- **Problem details**: Reproduce the listing in full. Omit the pictures.

- **Supplied information**:
****************

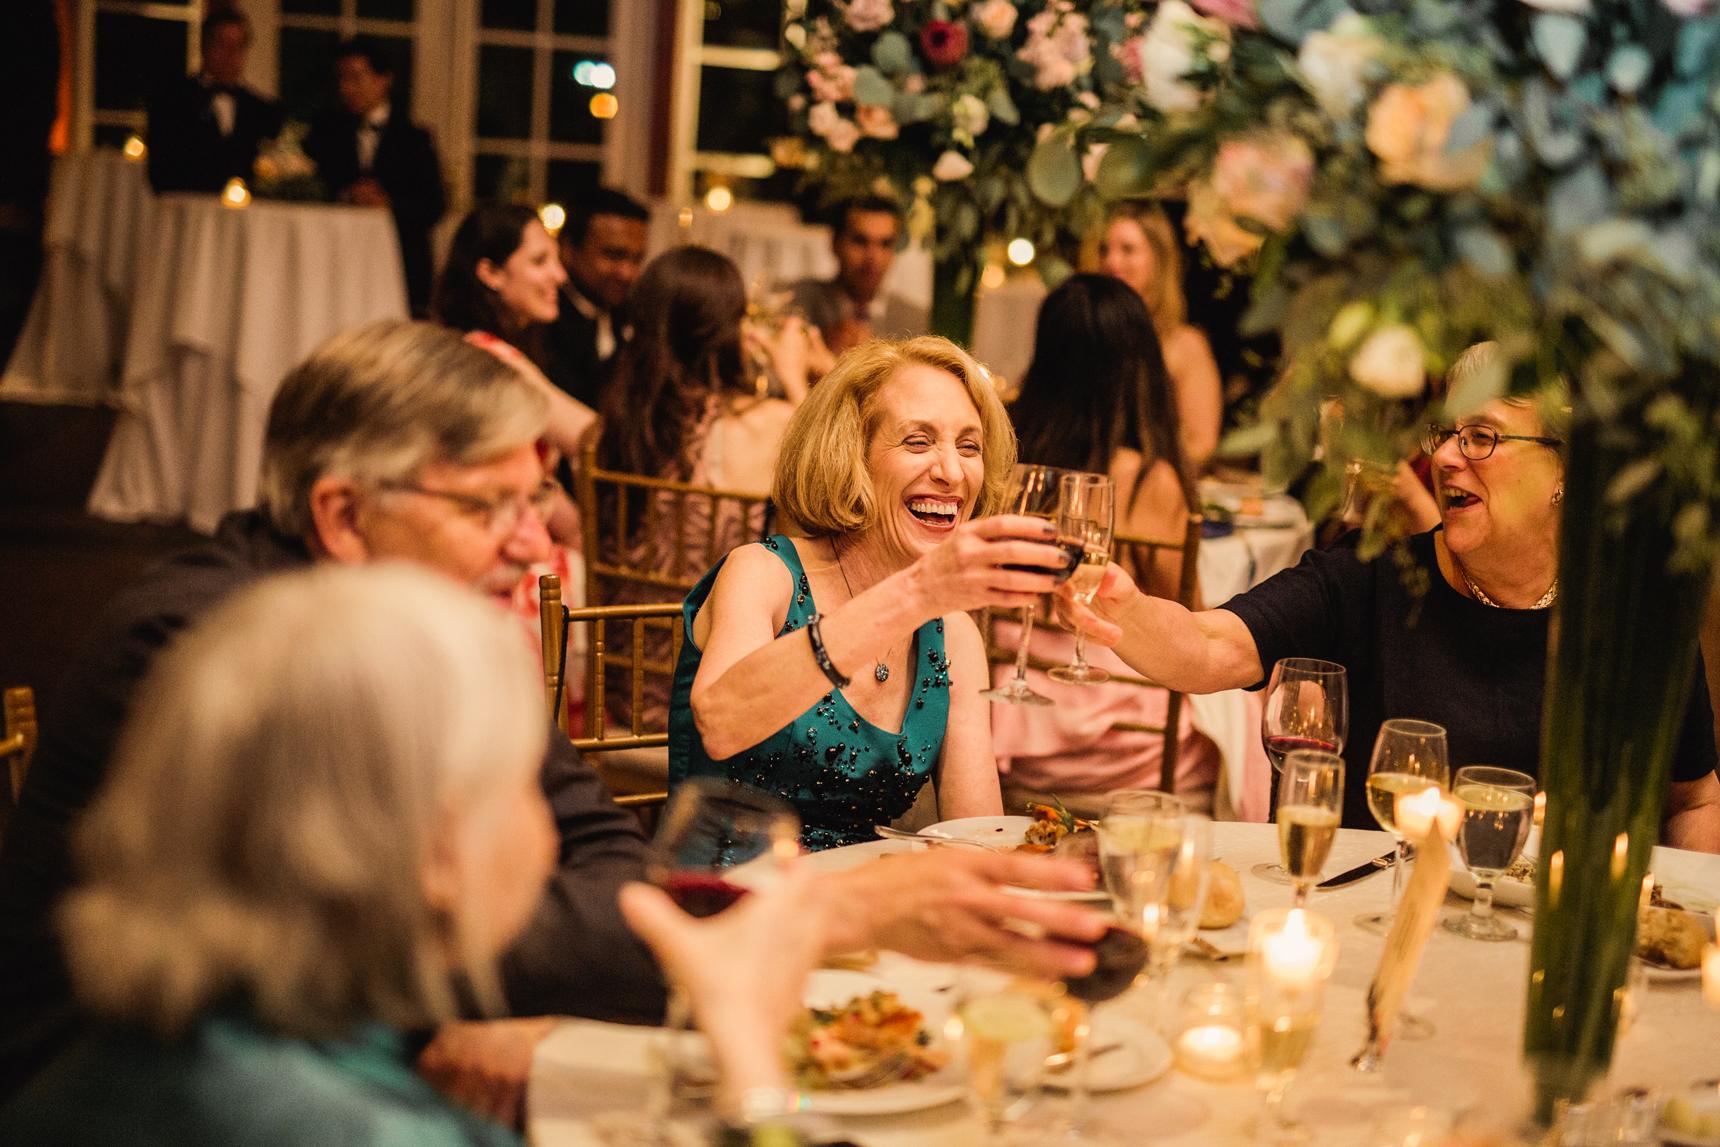 Jory_LoebBoathouse_CentralPark_NewYork_WeddingPhotographer132.jpg
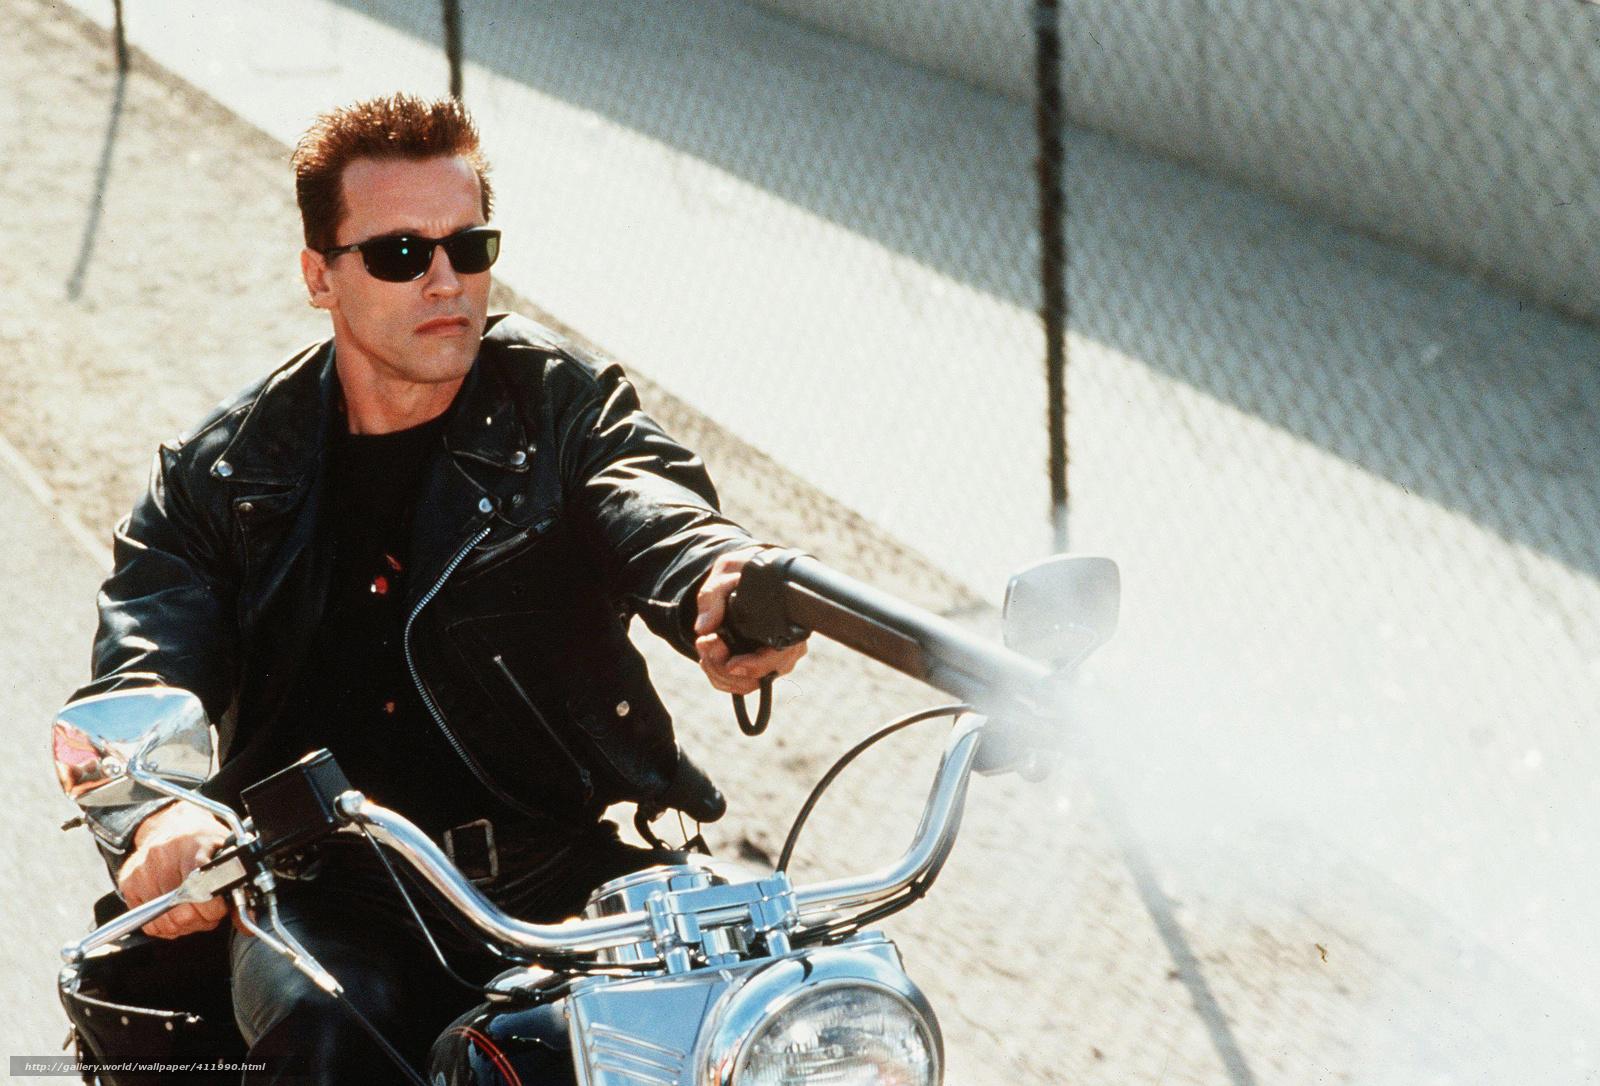 Знаменитость арни кадр мотоцикл
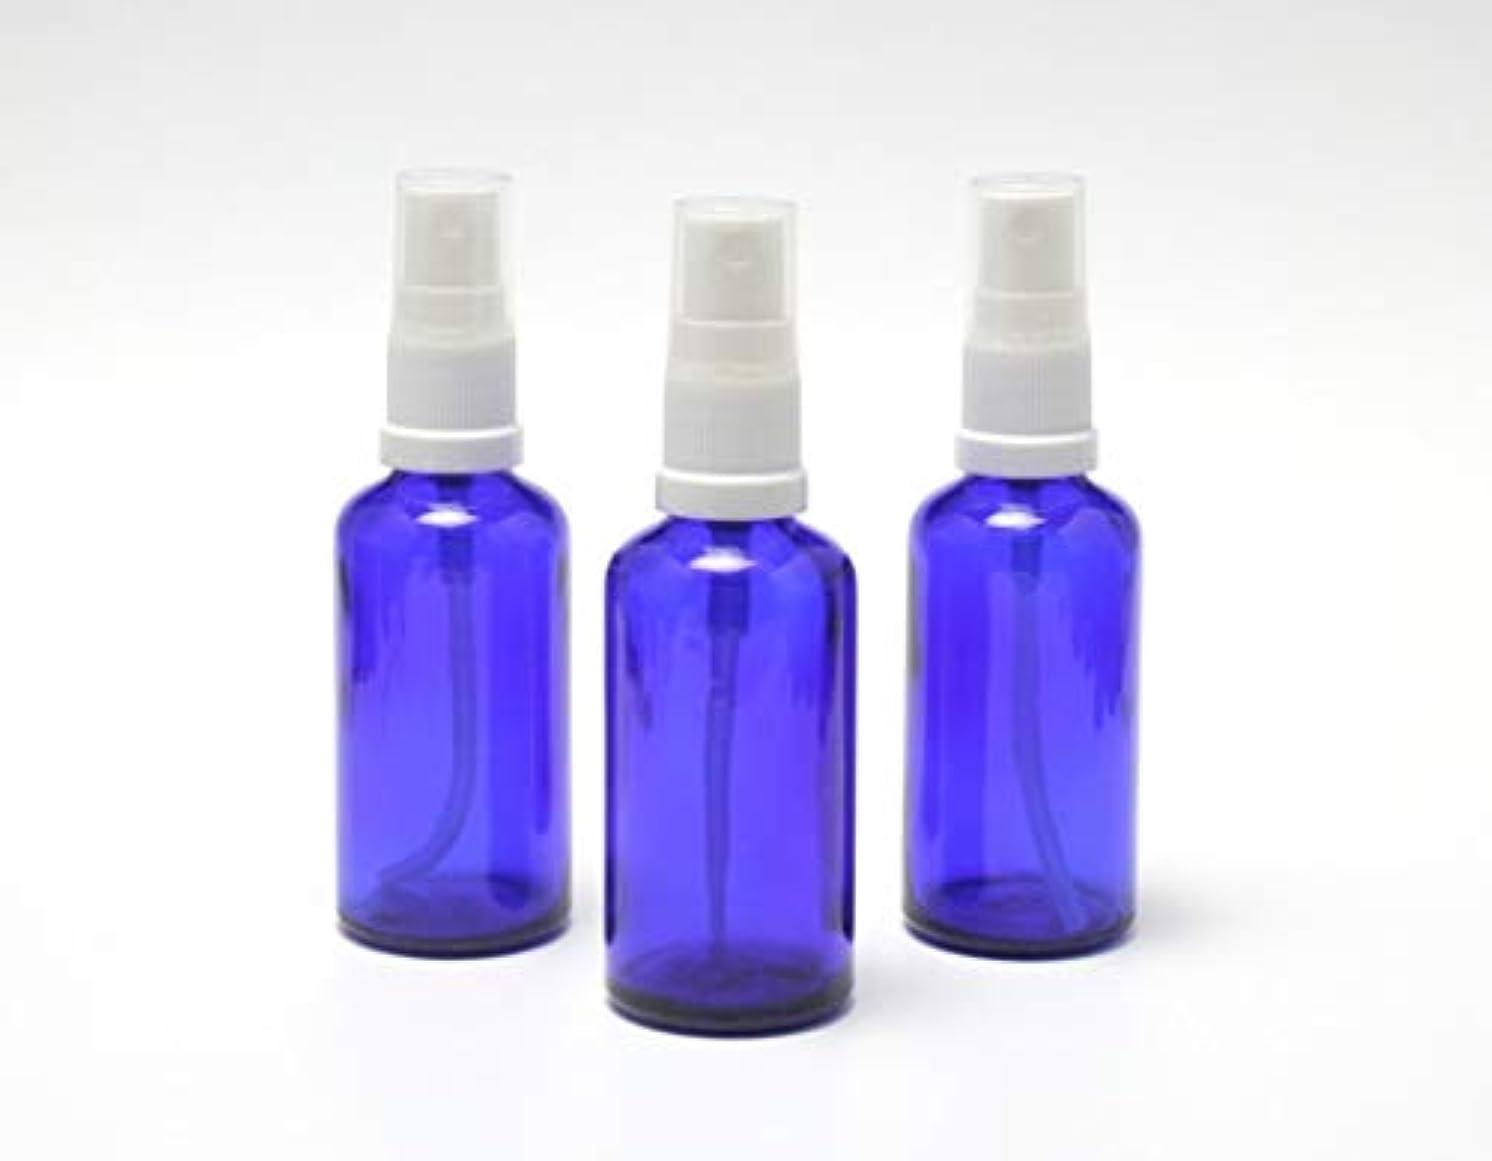 ルーチン気まぐれな依存する遮光瓶 スプレーボトル 50ml コバルトブルー/ホワイトヘッド(グラス/アトマイザー)【 アウトレット商品 】
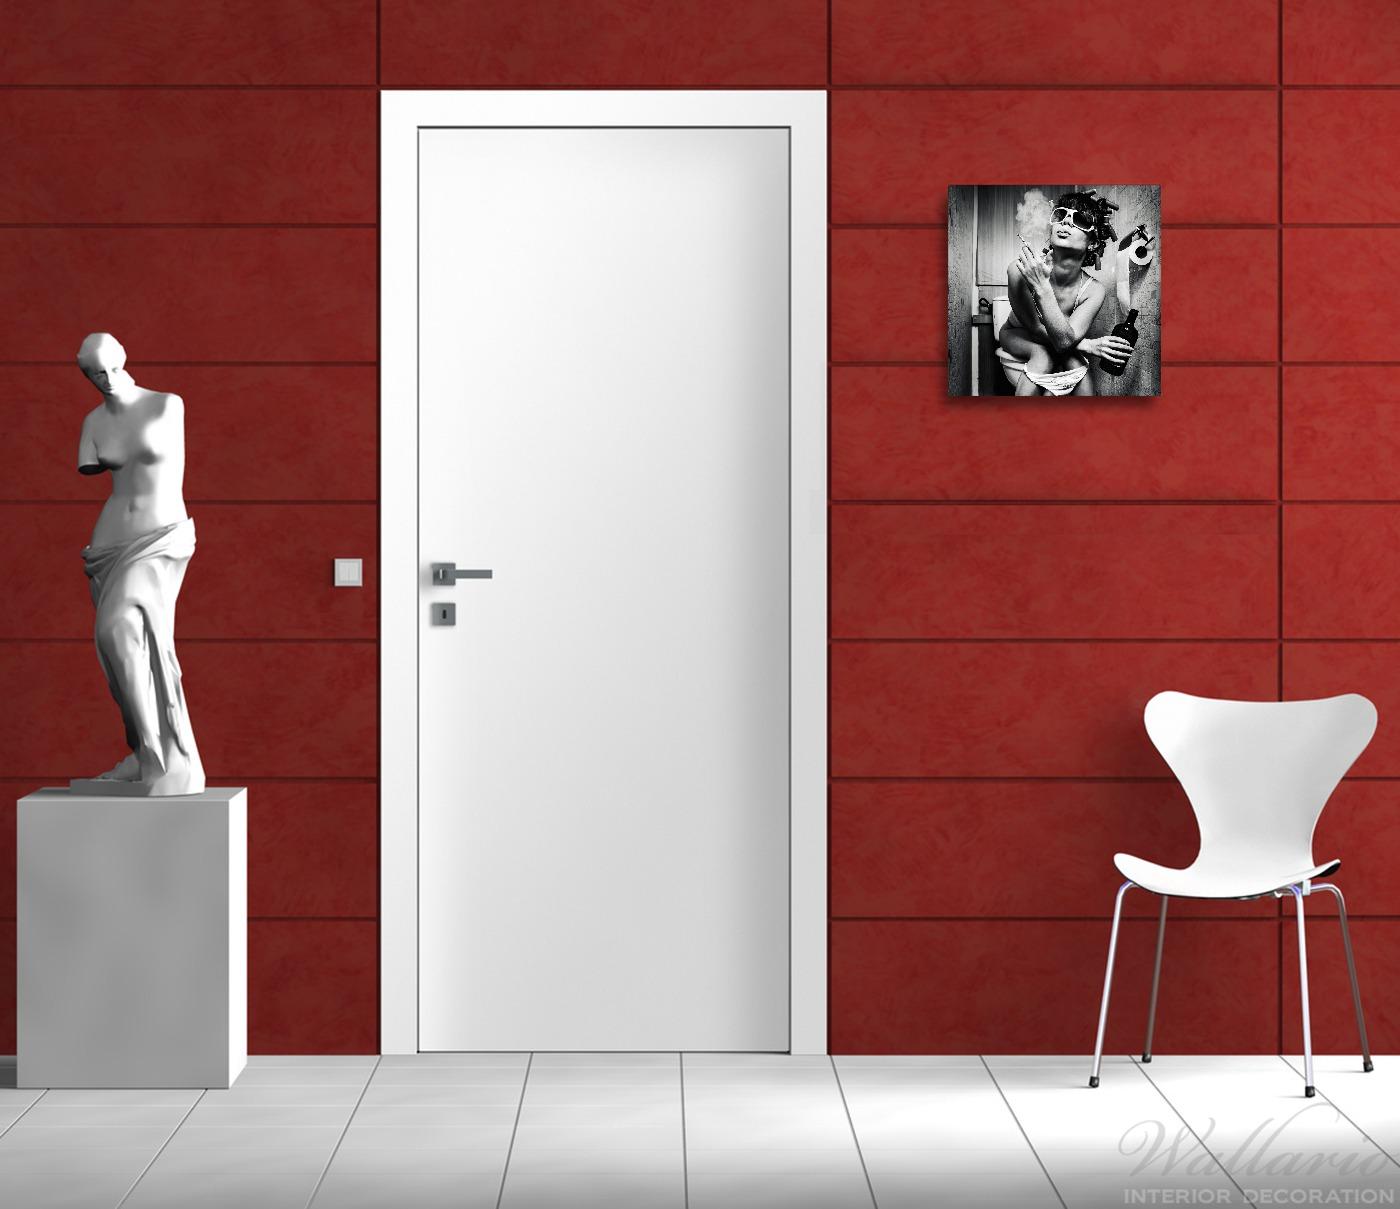 Acrylglasbild Kloparty - Sexy Frau auf Toilette mit Zigarette und Schnaps – Bild 2

****************

- **Solution to this problem**:
 Jory_LoebBoathouse_CentralPark_NewYork_WeddingPhotographer132.jpg
 Знаменитость арни кадр мотоцикл
 ルーチン気まぐれな依存する遮光瓶 スプレーボトル 50ml コバルトブルー/ホワイトヘッド(グラス/アトマイザー)【 アウトレット商品 】
 Acrylglasbild Kloparty - Sexy Frau auf Toilette mit Zigarette und Schnaps – Bild 2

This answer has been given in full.